Your answer should consist solely of the lines from the one holding "Aussichtskanzel hoch über" through the final line of the entries, reproduced exactly and without pictures.

***** Record excerpts *****

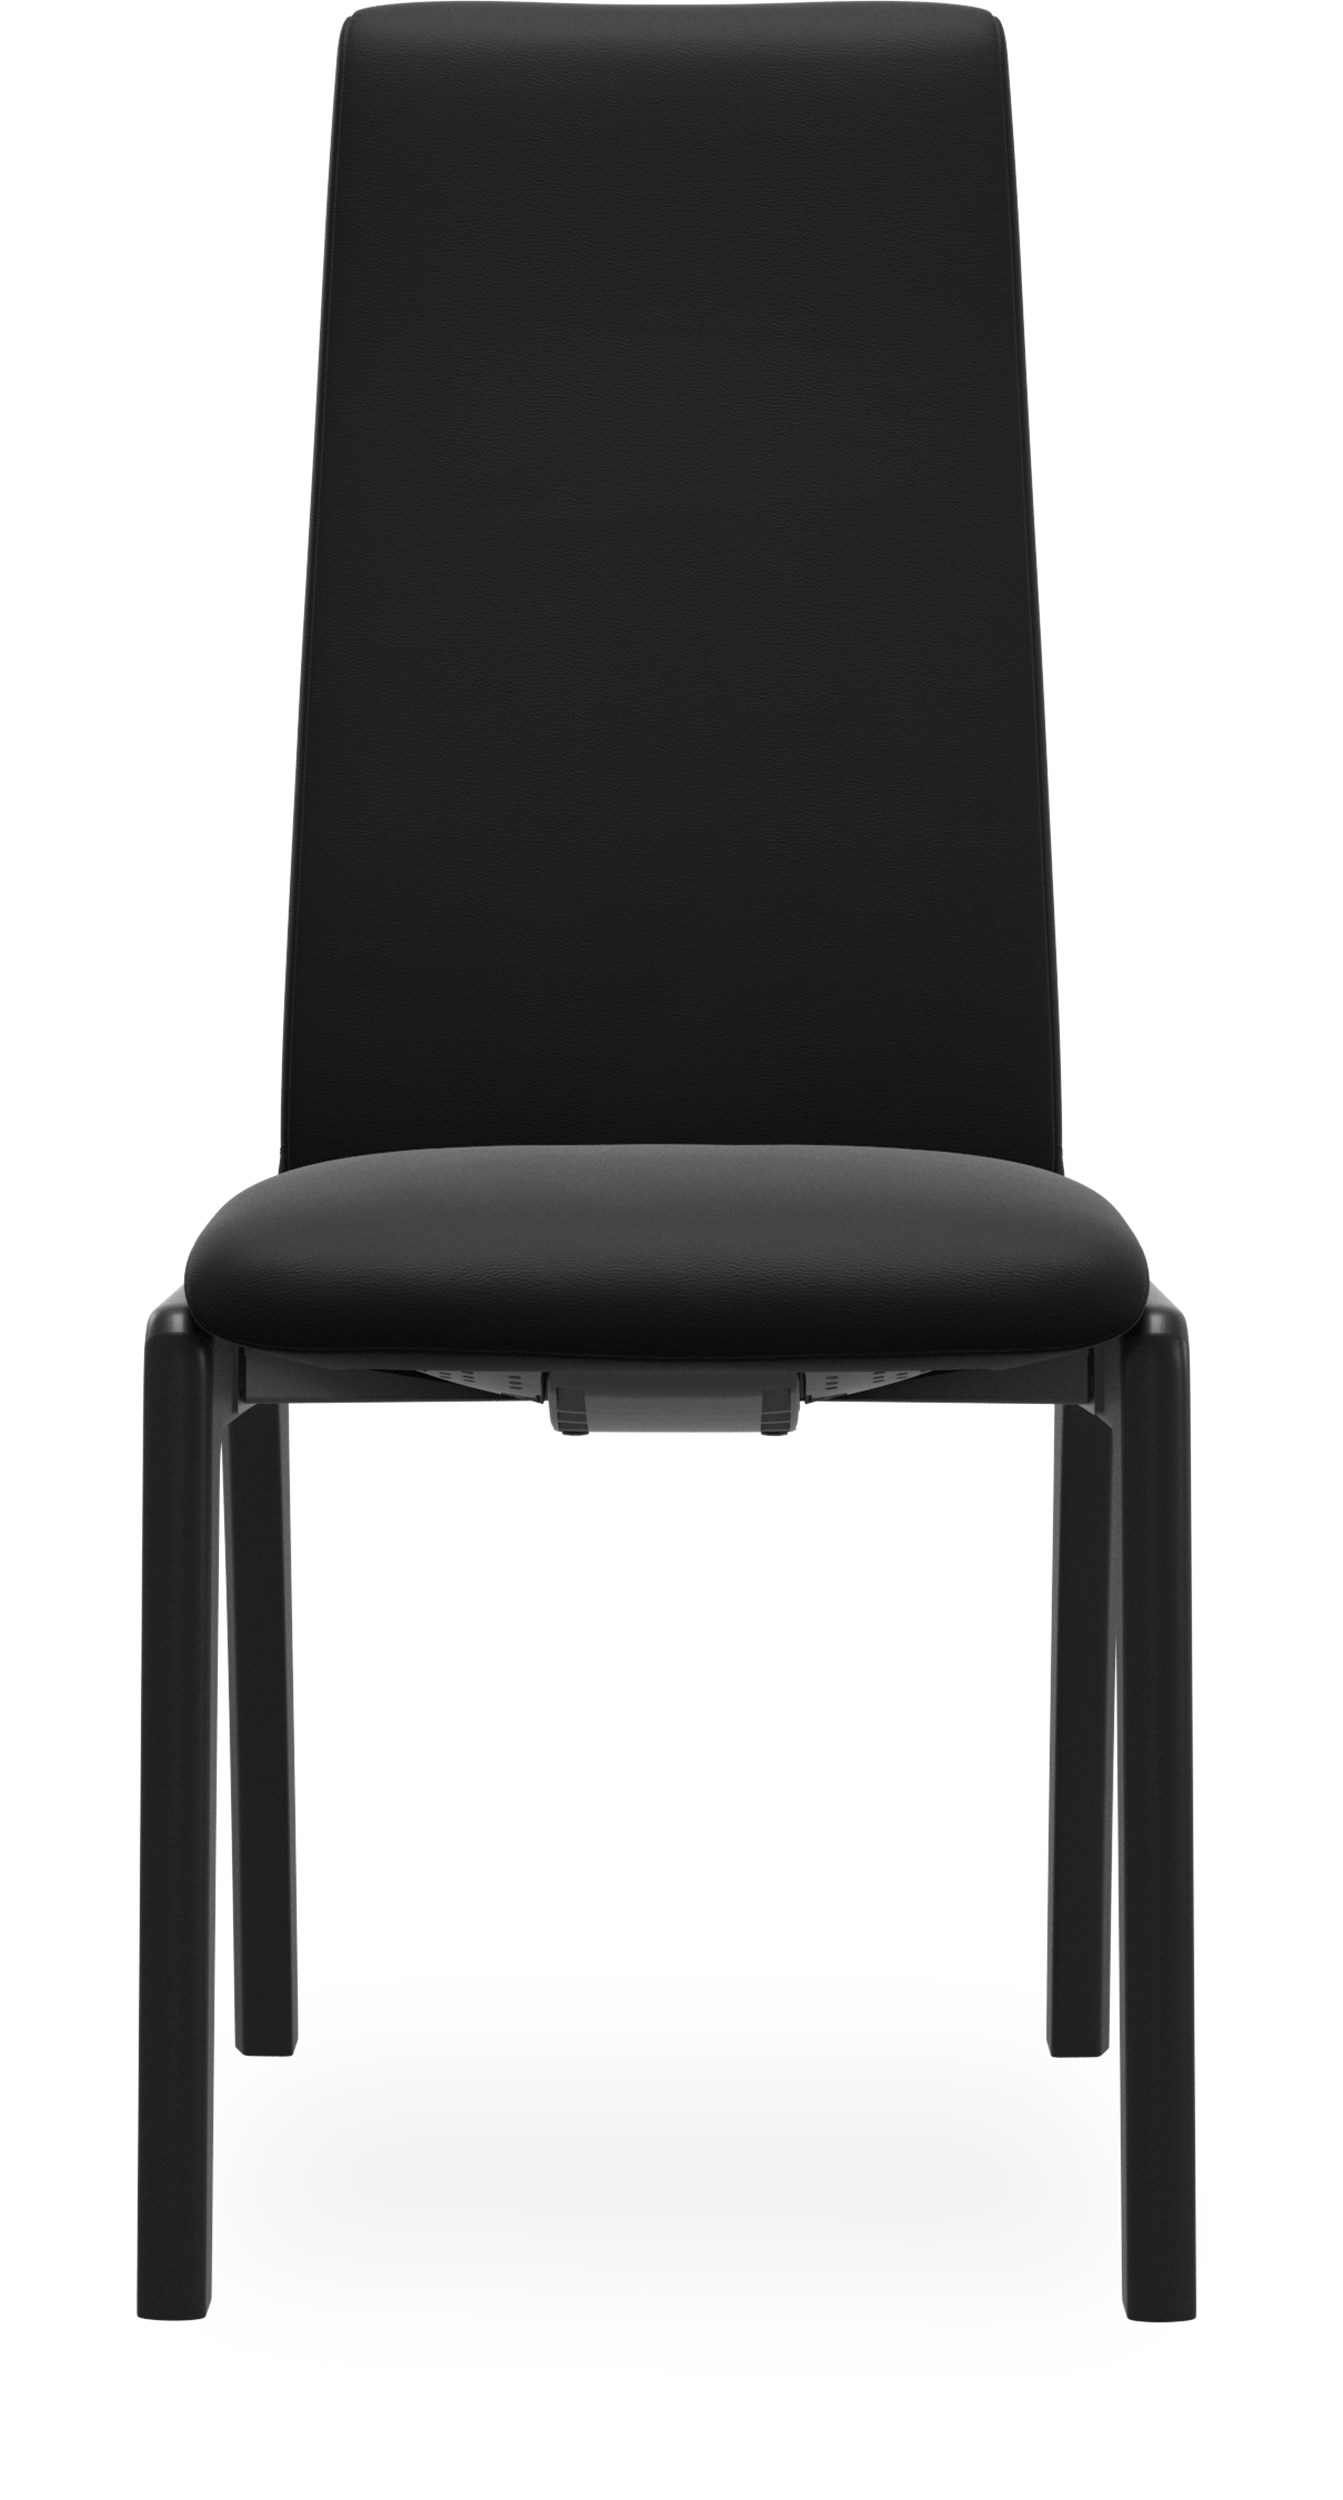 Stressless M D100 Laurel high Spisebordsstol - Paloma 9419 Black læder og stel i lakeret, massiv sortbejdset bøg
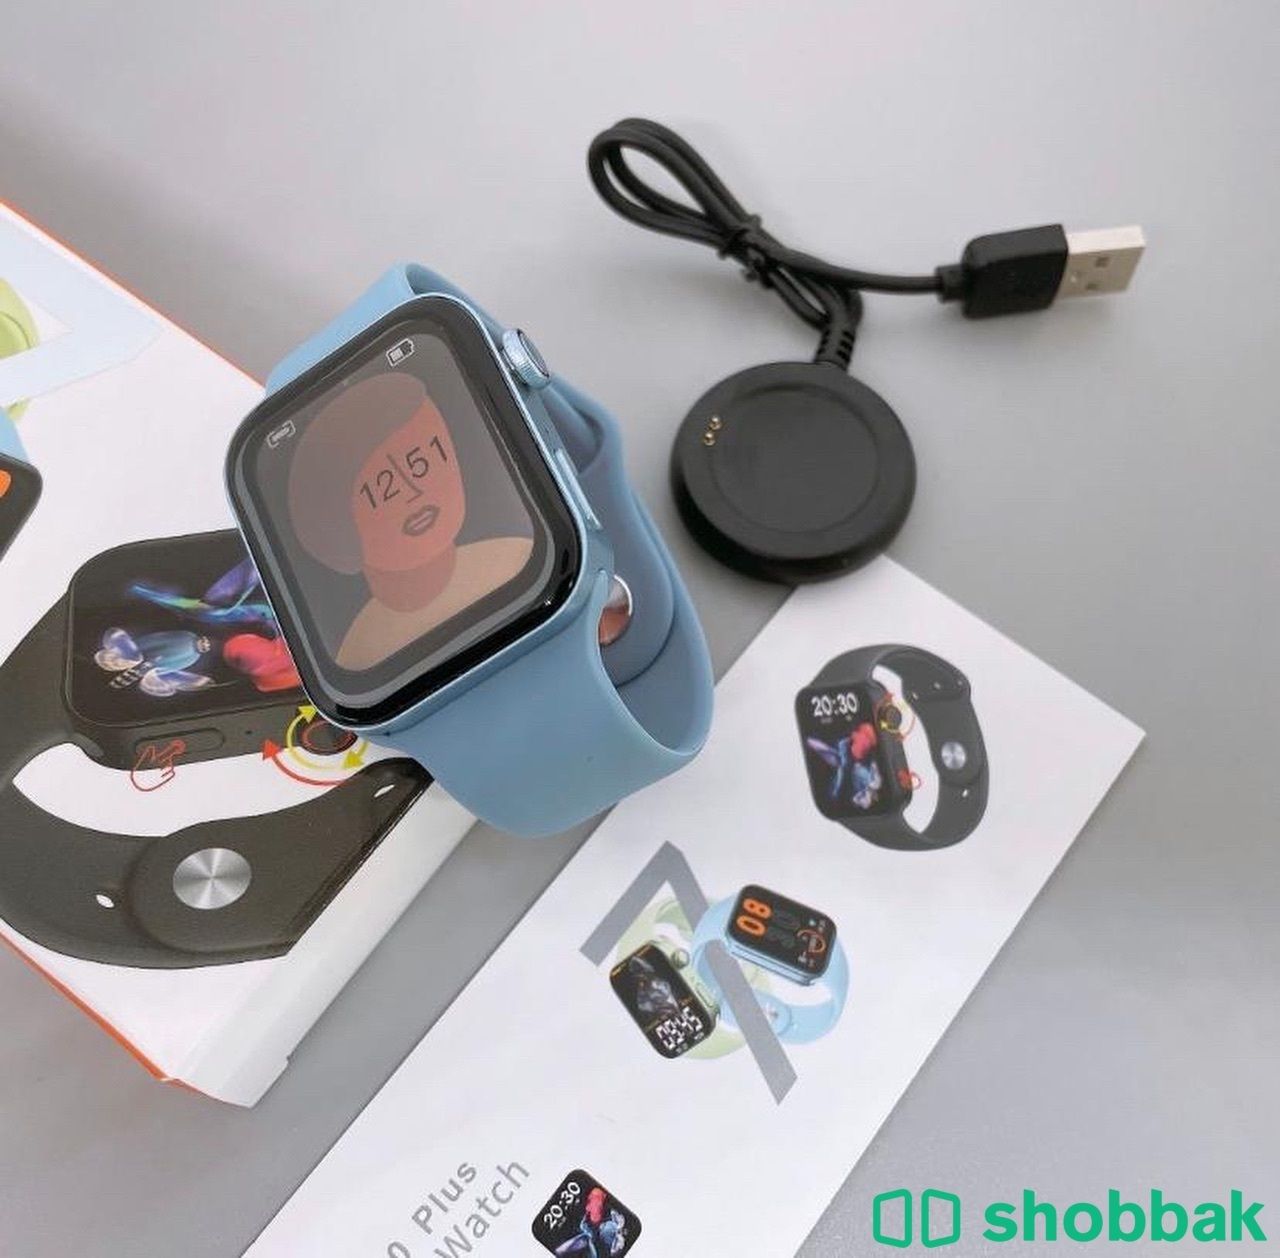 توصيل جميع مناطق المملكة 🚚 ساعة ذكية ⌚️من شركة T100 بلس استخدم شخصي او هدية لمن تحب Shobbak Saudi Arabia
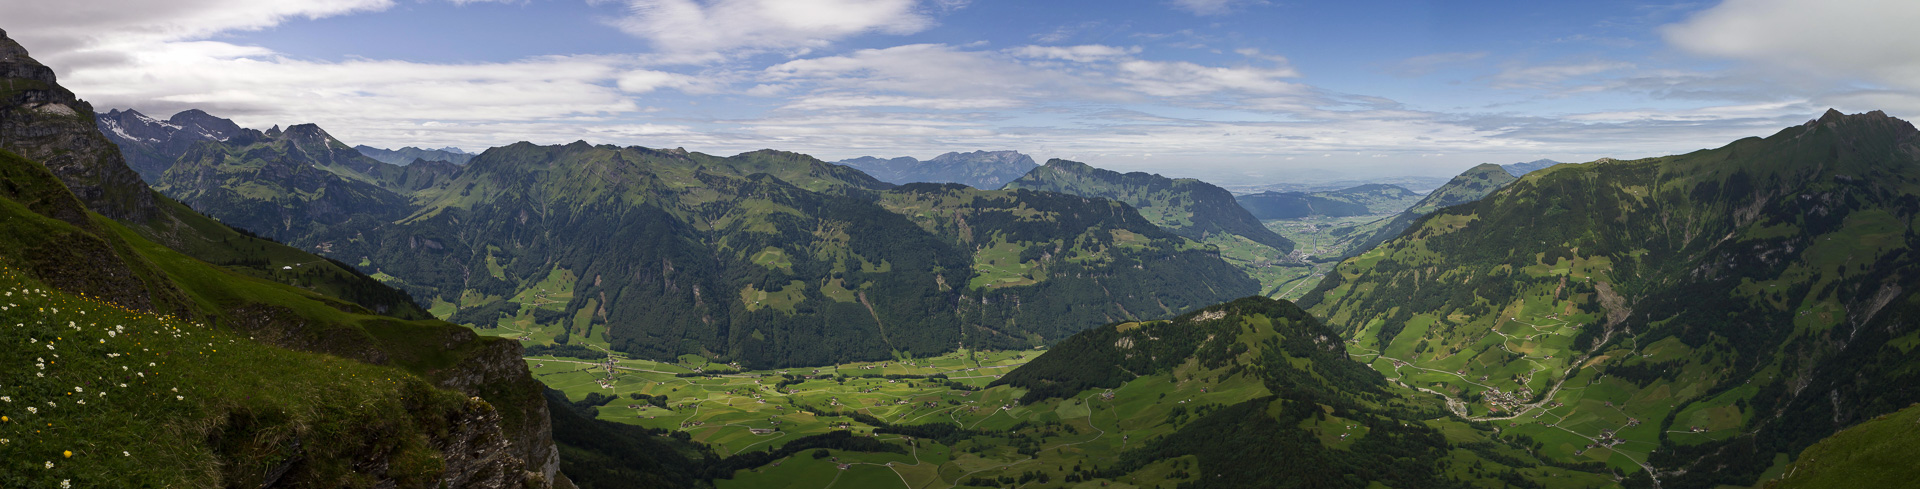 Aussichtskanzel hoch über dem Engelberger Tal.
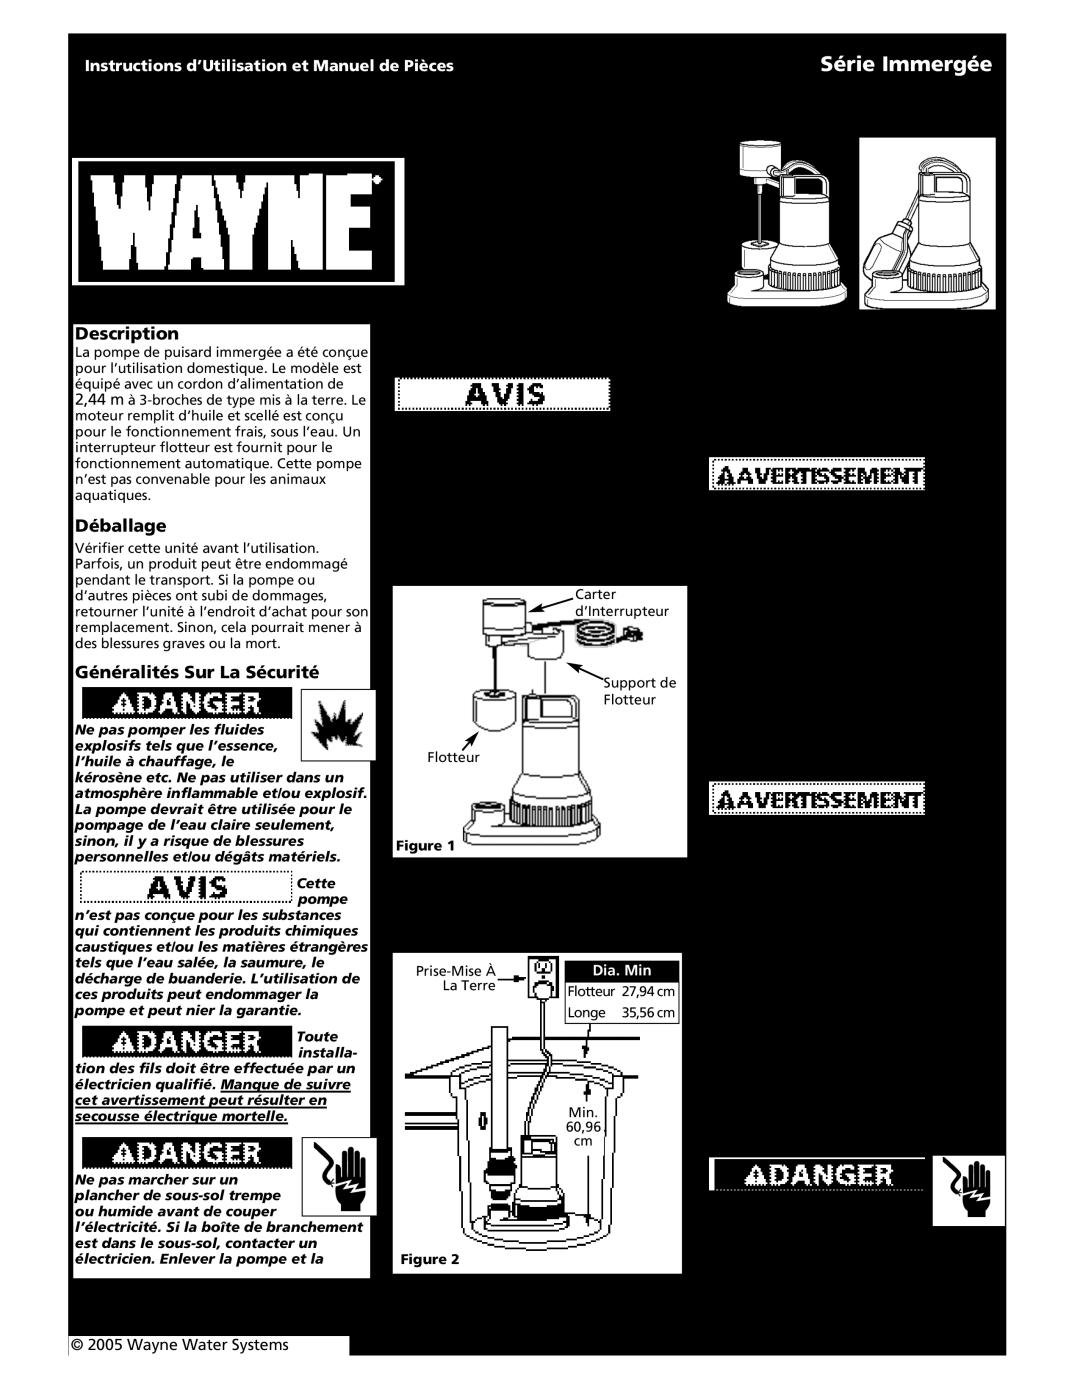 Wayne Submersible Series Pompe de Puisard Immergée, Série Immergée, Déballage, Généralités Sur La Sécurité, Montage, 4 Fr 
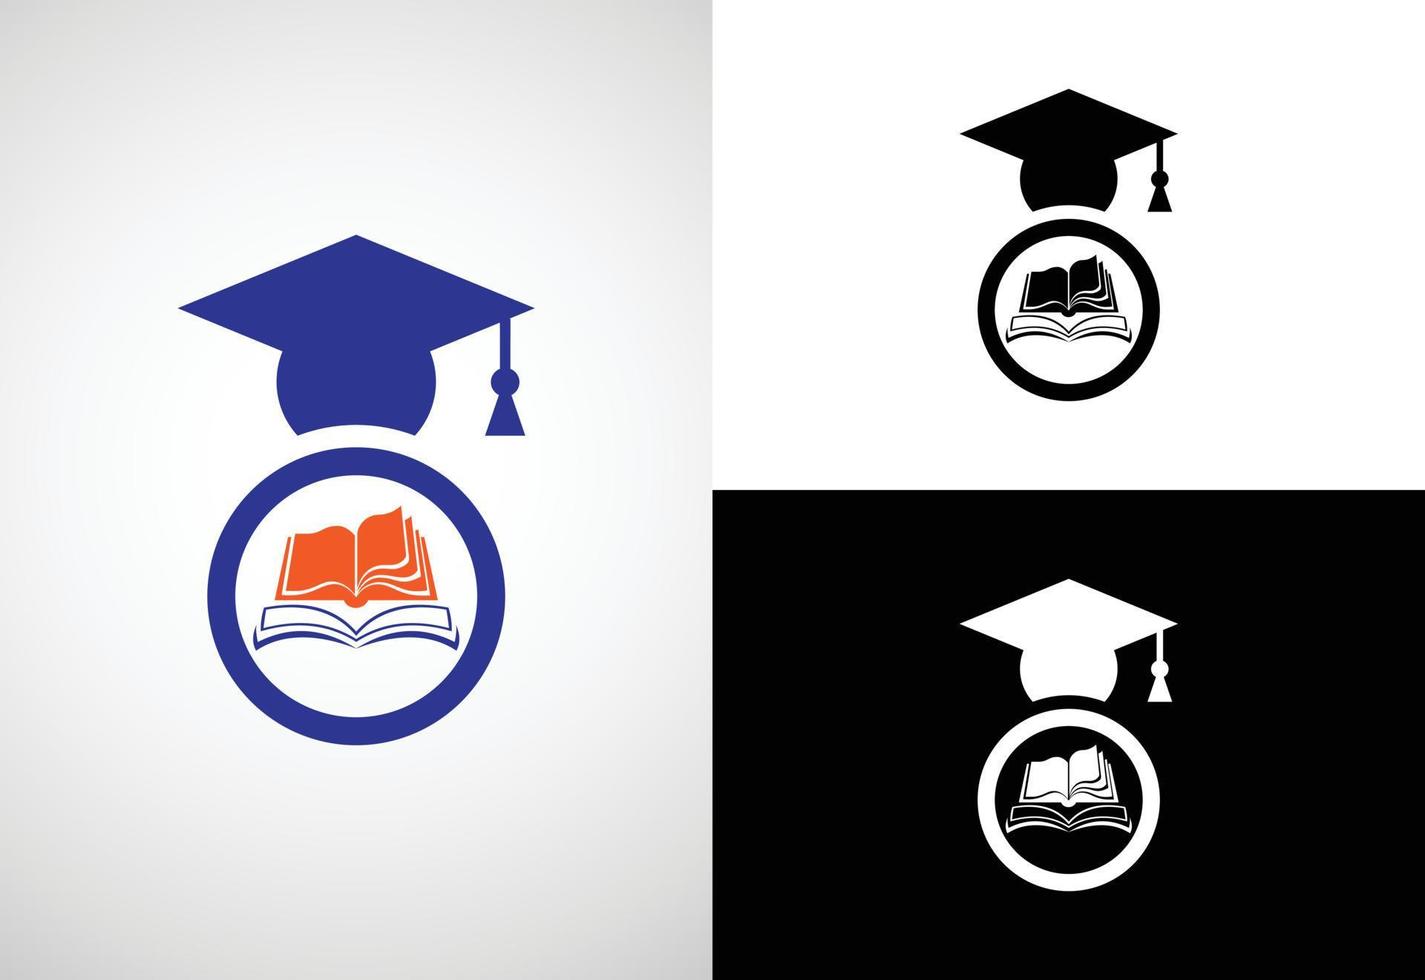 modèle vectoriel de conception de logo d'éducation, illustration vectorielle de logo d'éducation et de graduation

*****

(Task output)
 Aussichtskanzel hoch über dem Engelberger Tal.
 Wayne Submersible Series Pompe de Puisard Immergée, Série Immergée, Déballage, Généralités Sur La Sécurité, Montage, 4 Fr 
 modèle vectoriel de conception de logo d'éducation, illustration vectorielle de logo d'éducation et de graduation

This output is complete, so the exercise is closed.